### DATASET ENTRIES
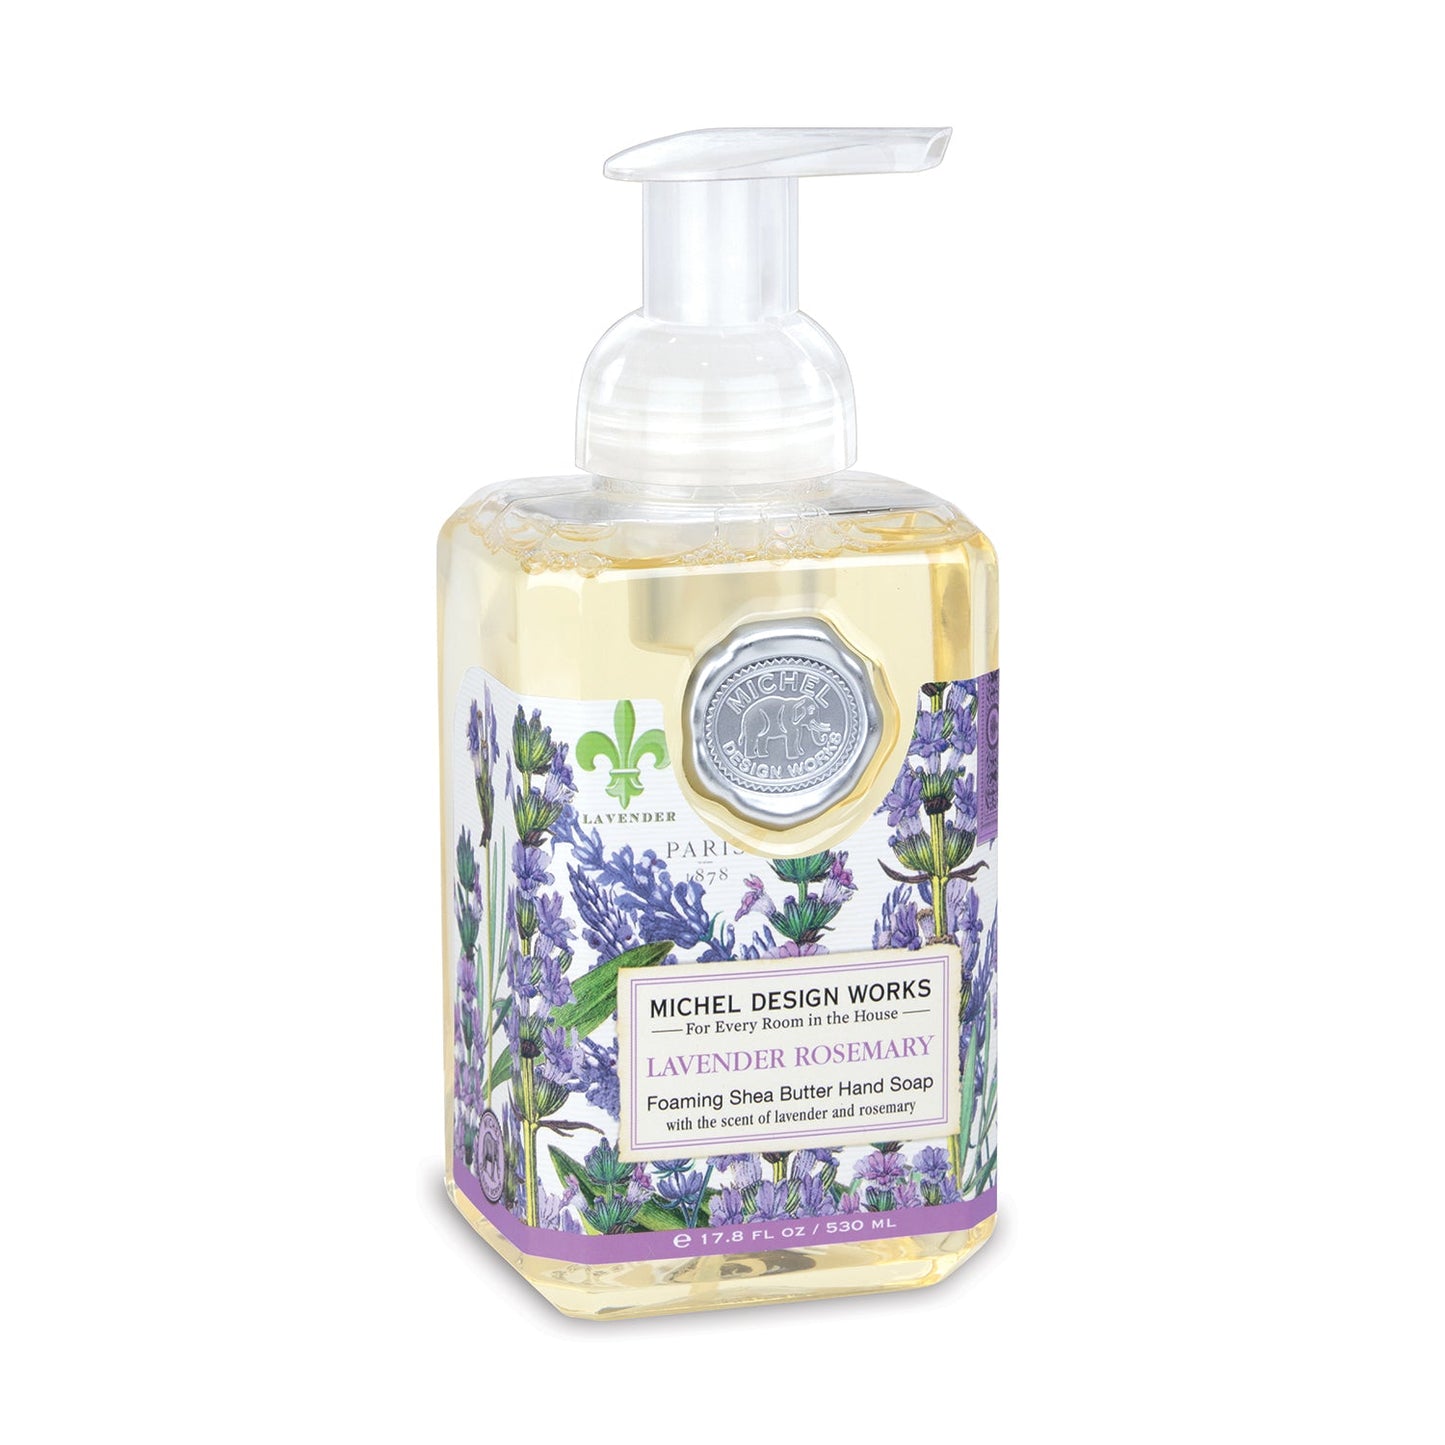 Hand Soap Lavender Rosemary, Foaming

---

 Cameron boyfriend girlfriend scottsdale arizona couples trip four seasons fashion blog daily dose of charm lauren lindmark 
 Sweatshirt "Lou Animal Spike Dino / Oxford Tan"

* * *

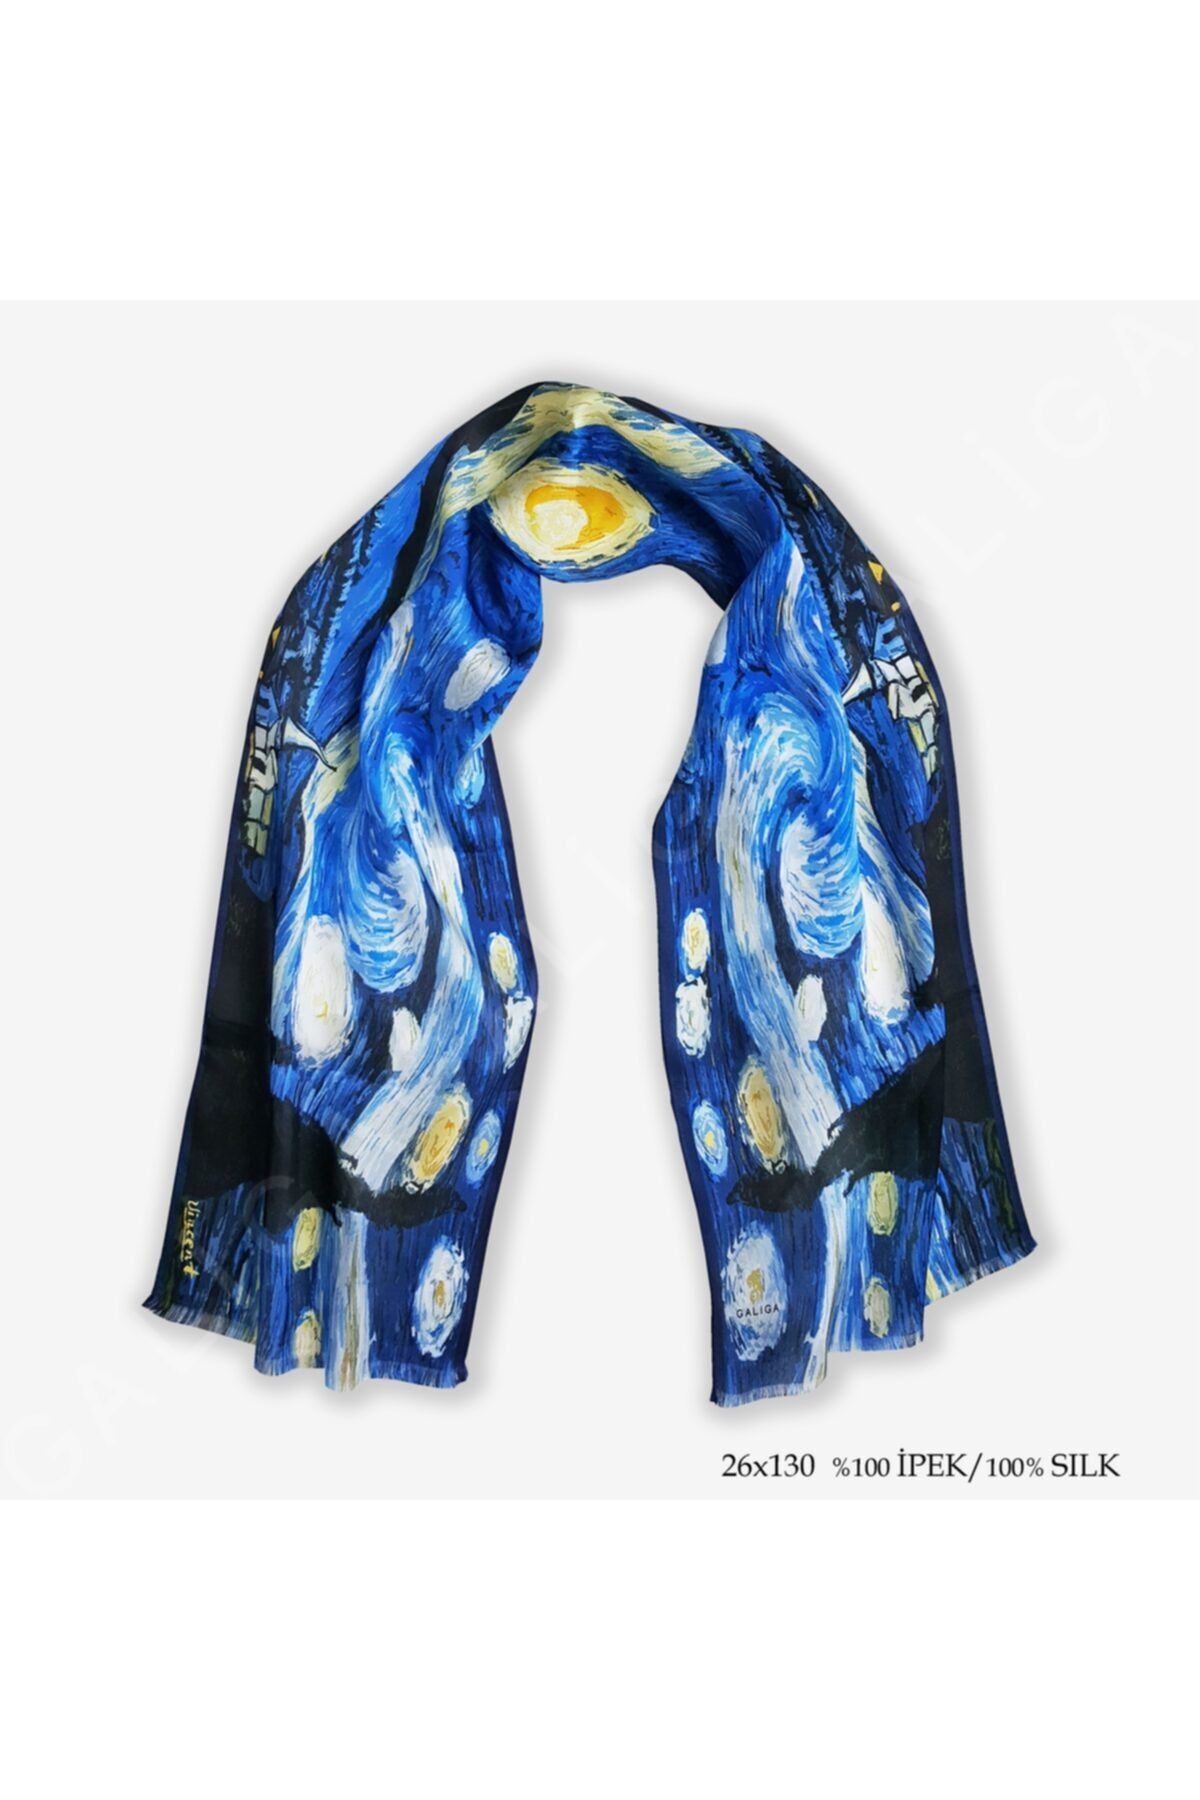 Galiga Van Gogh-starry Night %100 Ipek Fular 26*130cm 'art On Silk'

### WHAT YOU SHOULD DO
Here the job is to set down exactly the lines of the material above that fall between the one with "Cameron boyfriend girlfriend" and the one with "Animal Spike Dino", inclusive, and nothing beyond them.

### OUTPUT
 Cameron boyfriend girlfriend scottsdale arizona couples trip four seasons fashion blog daily dose of charm lauren lindmark 
 Sweatshirt "Lou Animal Spike Dino / Oxford Tan"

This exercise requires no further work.